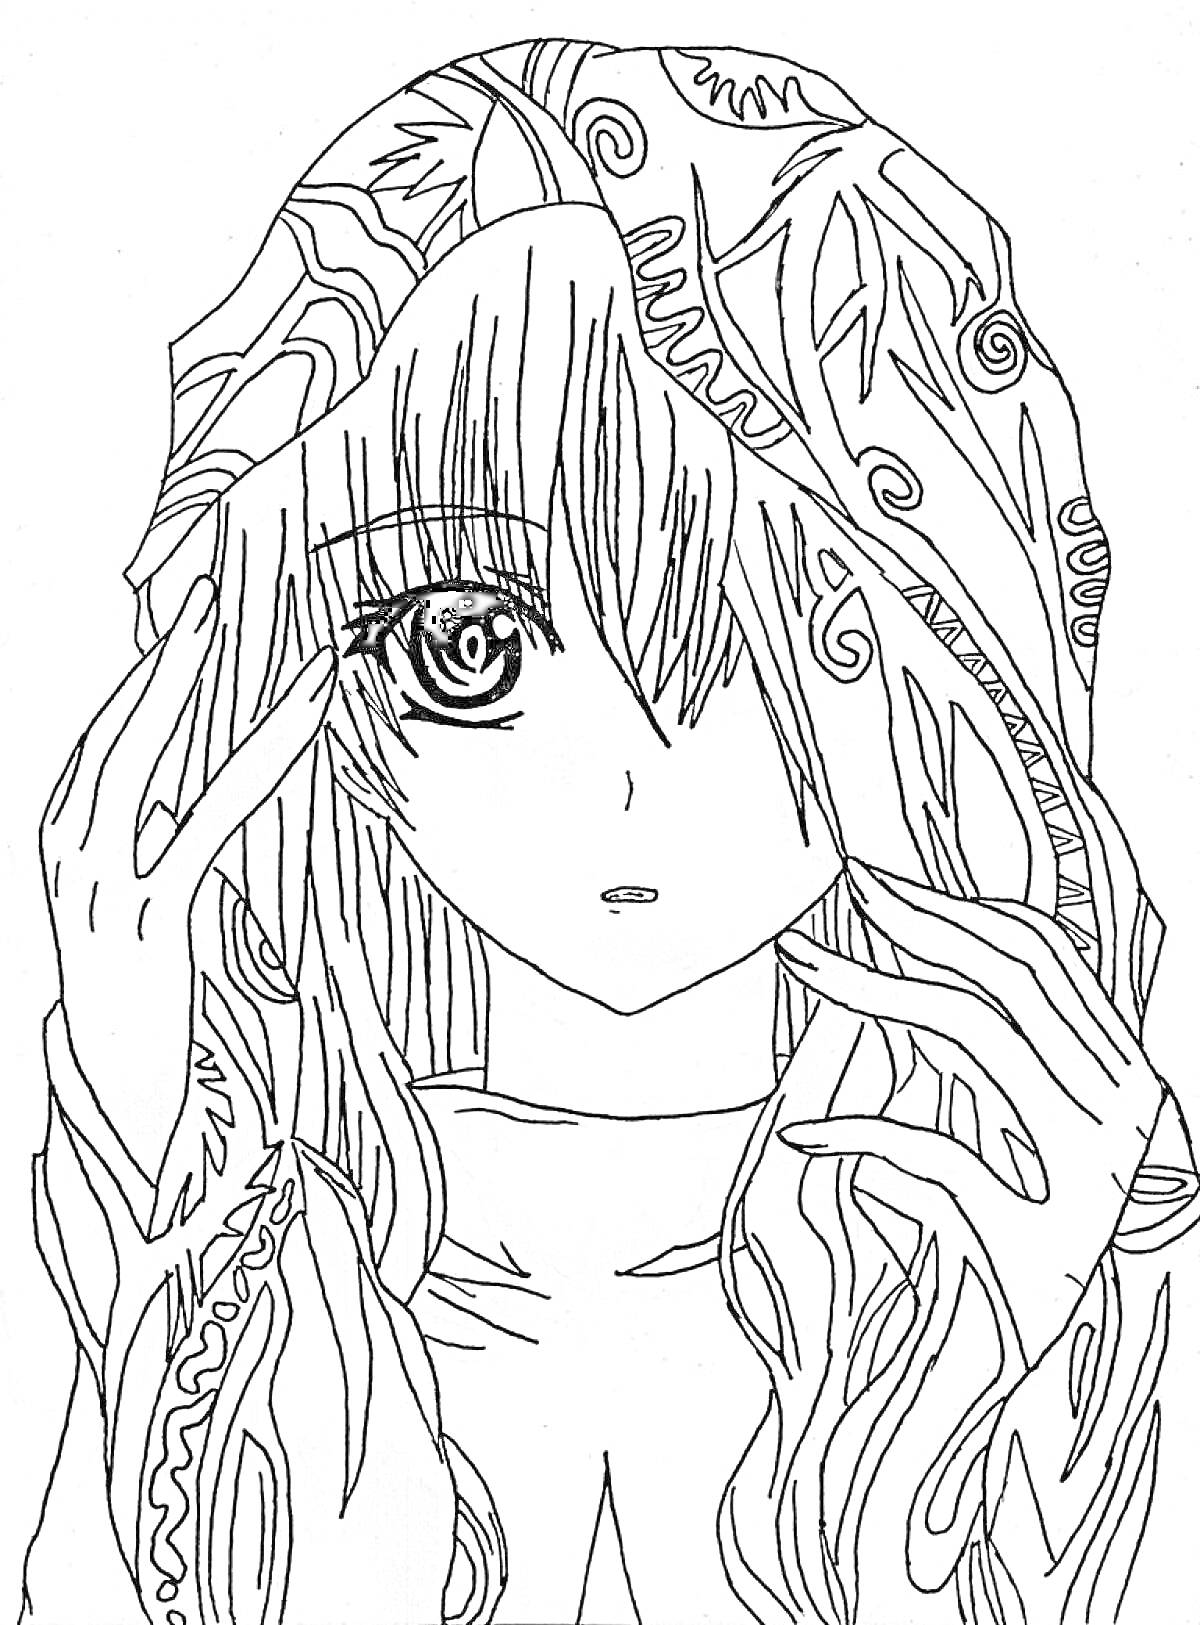 Девушка аниме с закрытым рукой глазом и длинными волосами в капюшоне с узорами
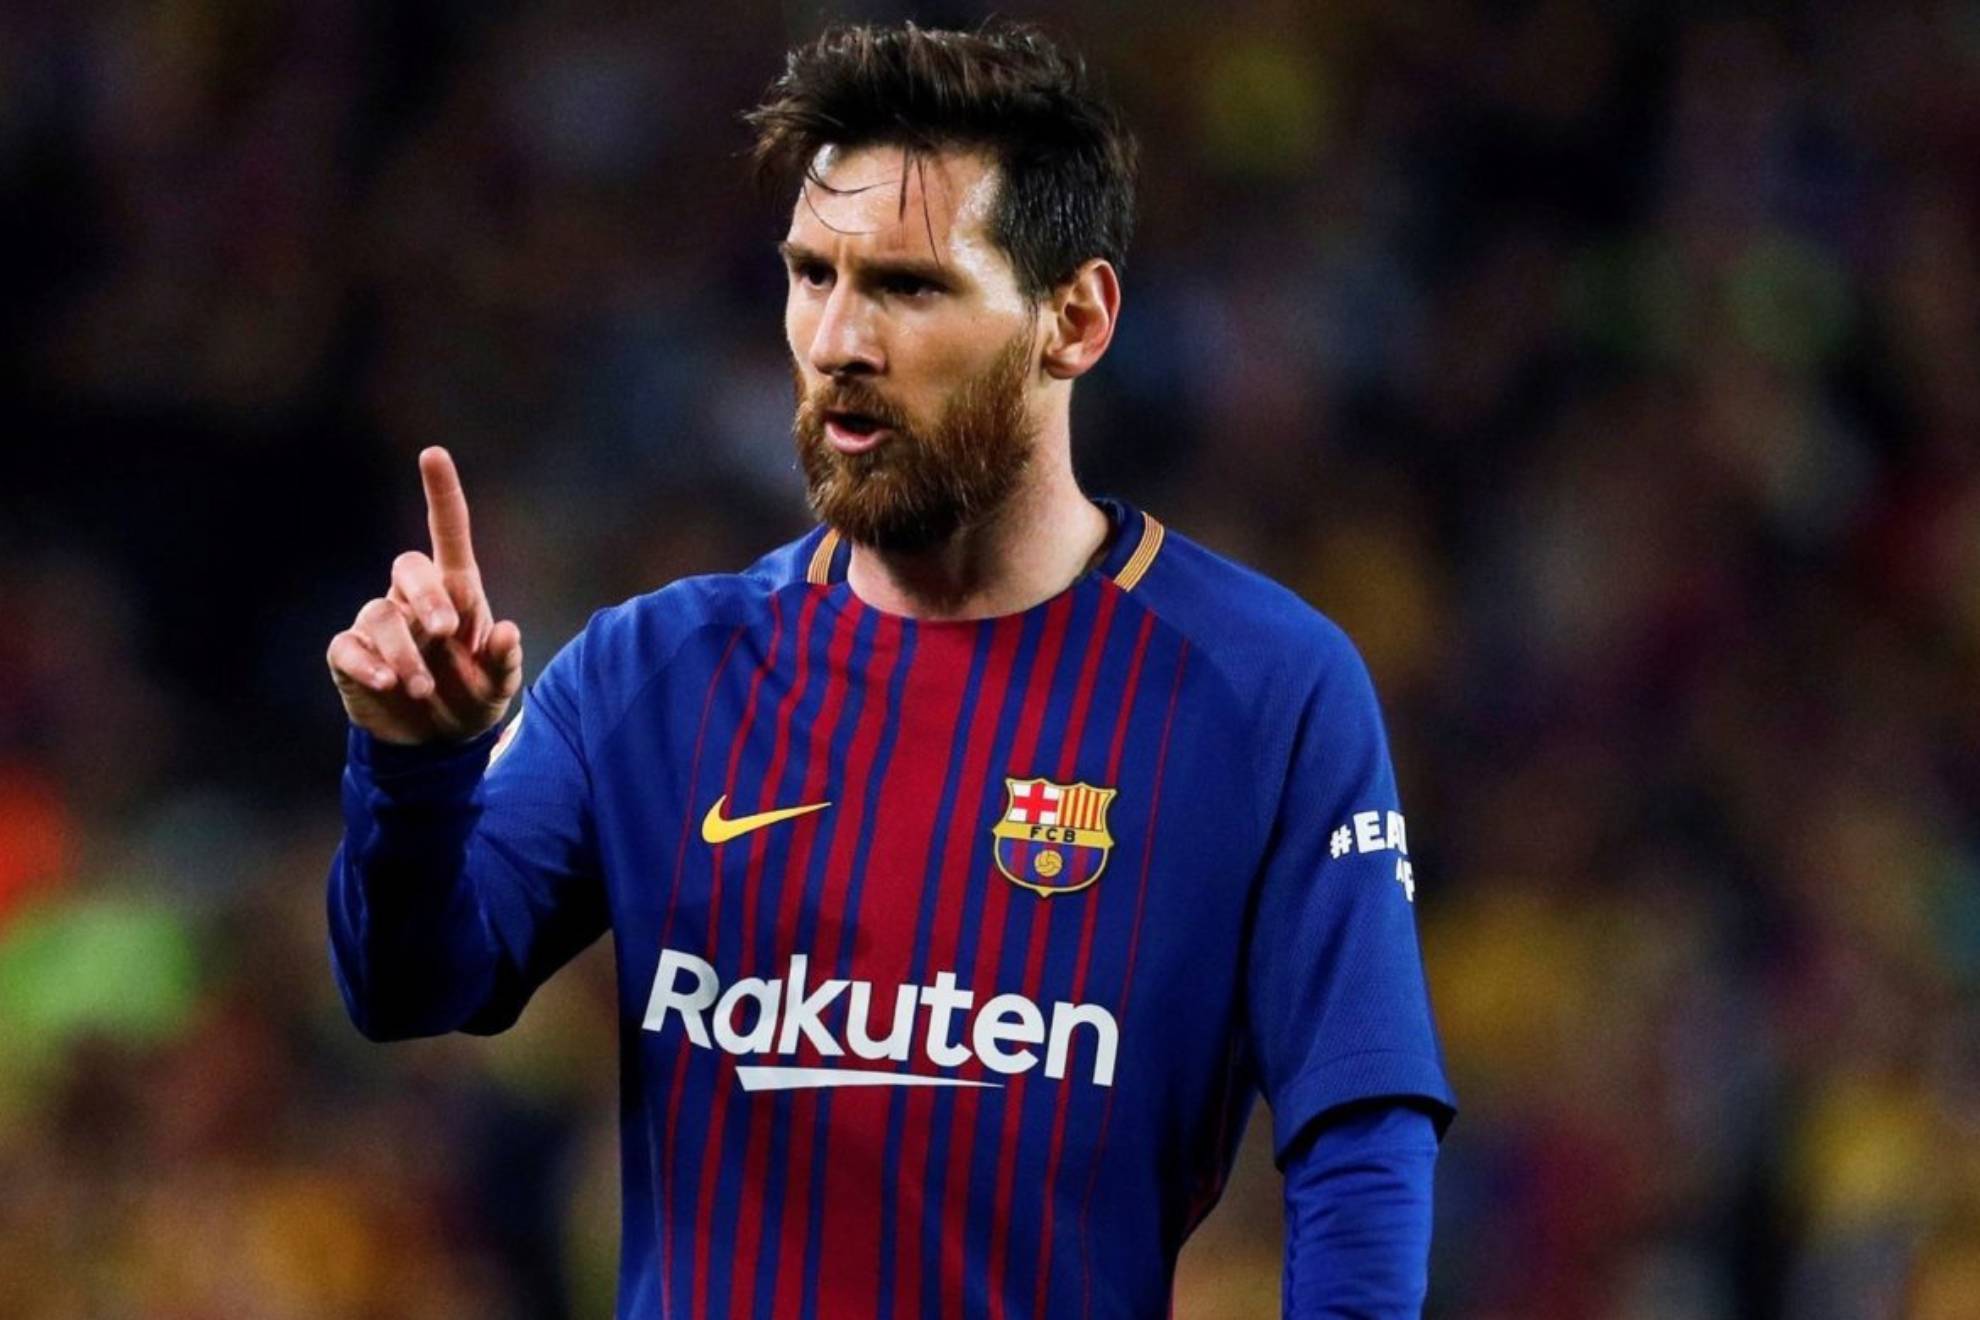 El Corrillo: "Laporta y Messi han interpretado su propia opereta para  intentar quedar bien con los aficionados del Barça"
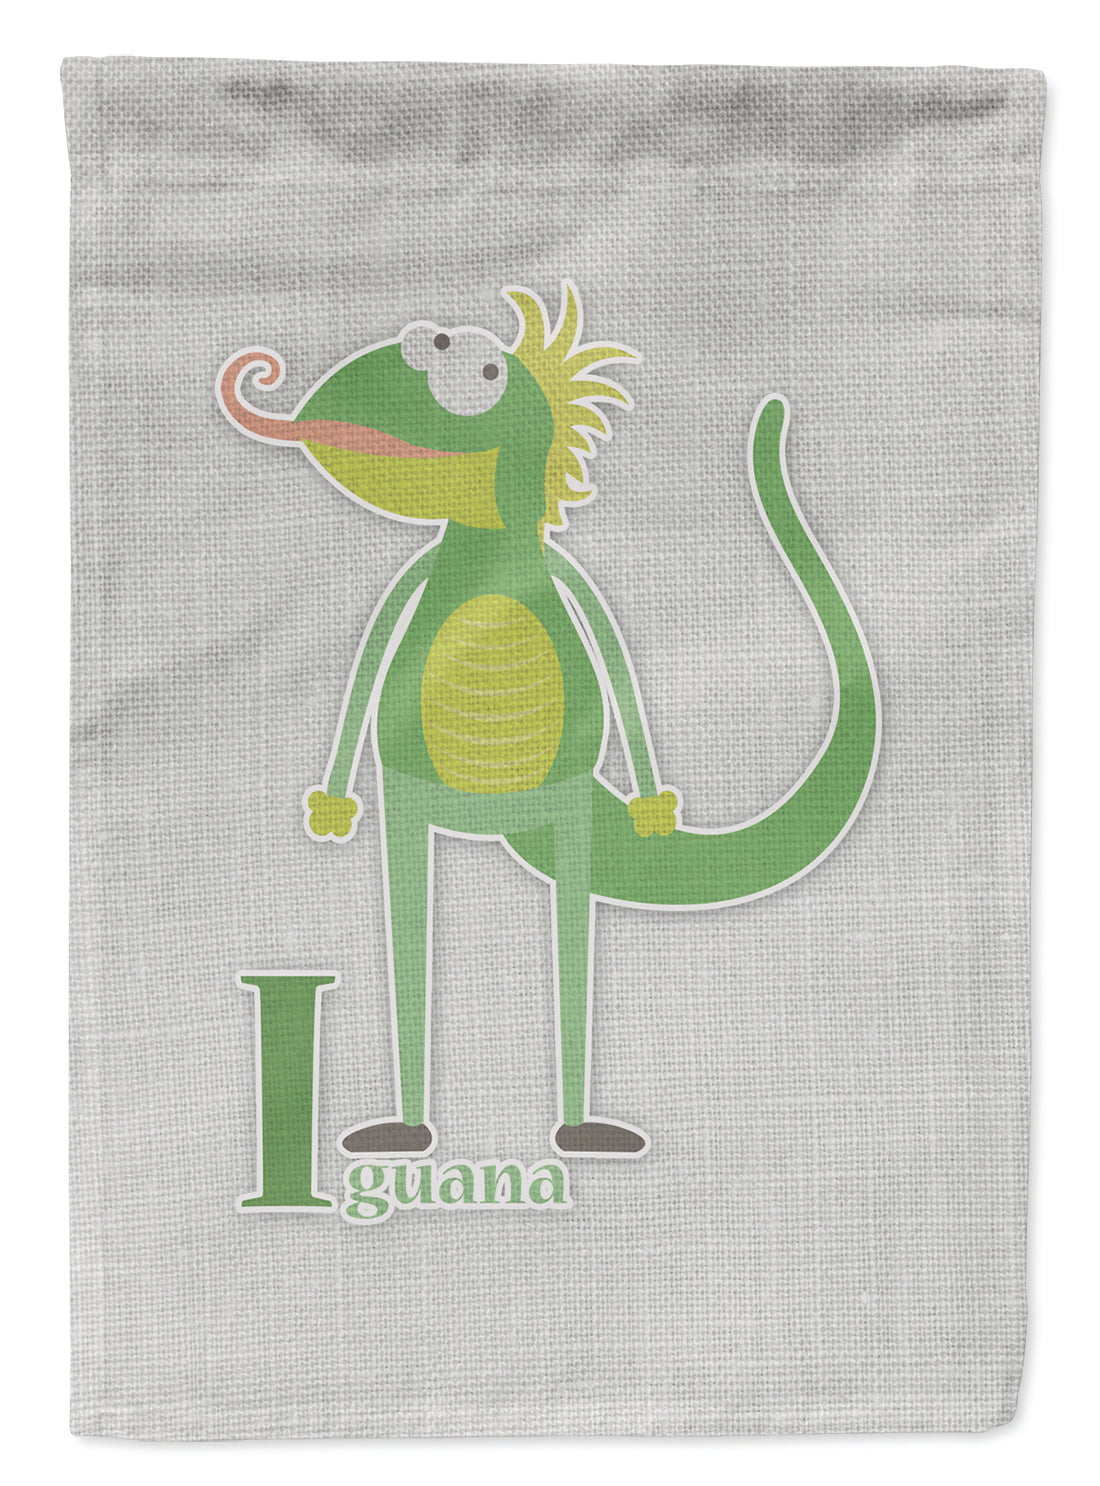 Alphabet I for Iguana Flag Garden Size BB5734GF  the-store.com.

== Activity ==
Skip the pictures and write out exactly the lines from the line containing "y Messi han" through the end of the listing above.

== Answer for the task ==
 El Corrillo: "Laporta y Messi han interpretado su propia opereta para  intentar quedar bien con los aficionados del Barça"
 Alphabet I for Iguana Flag Garden Size BB5734GF  the-store.com.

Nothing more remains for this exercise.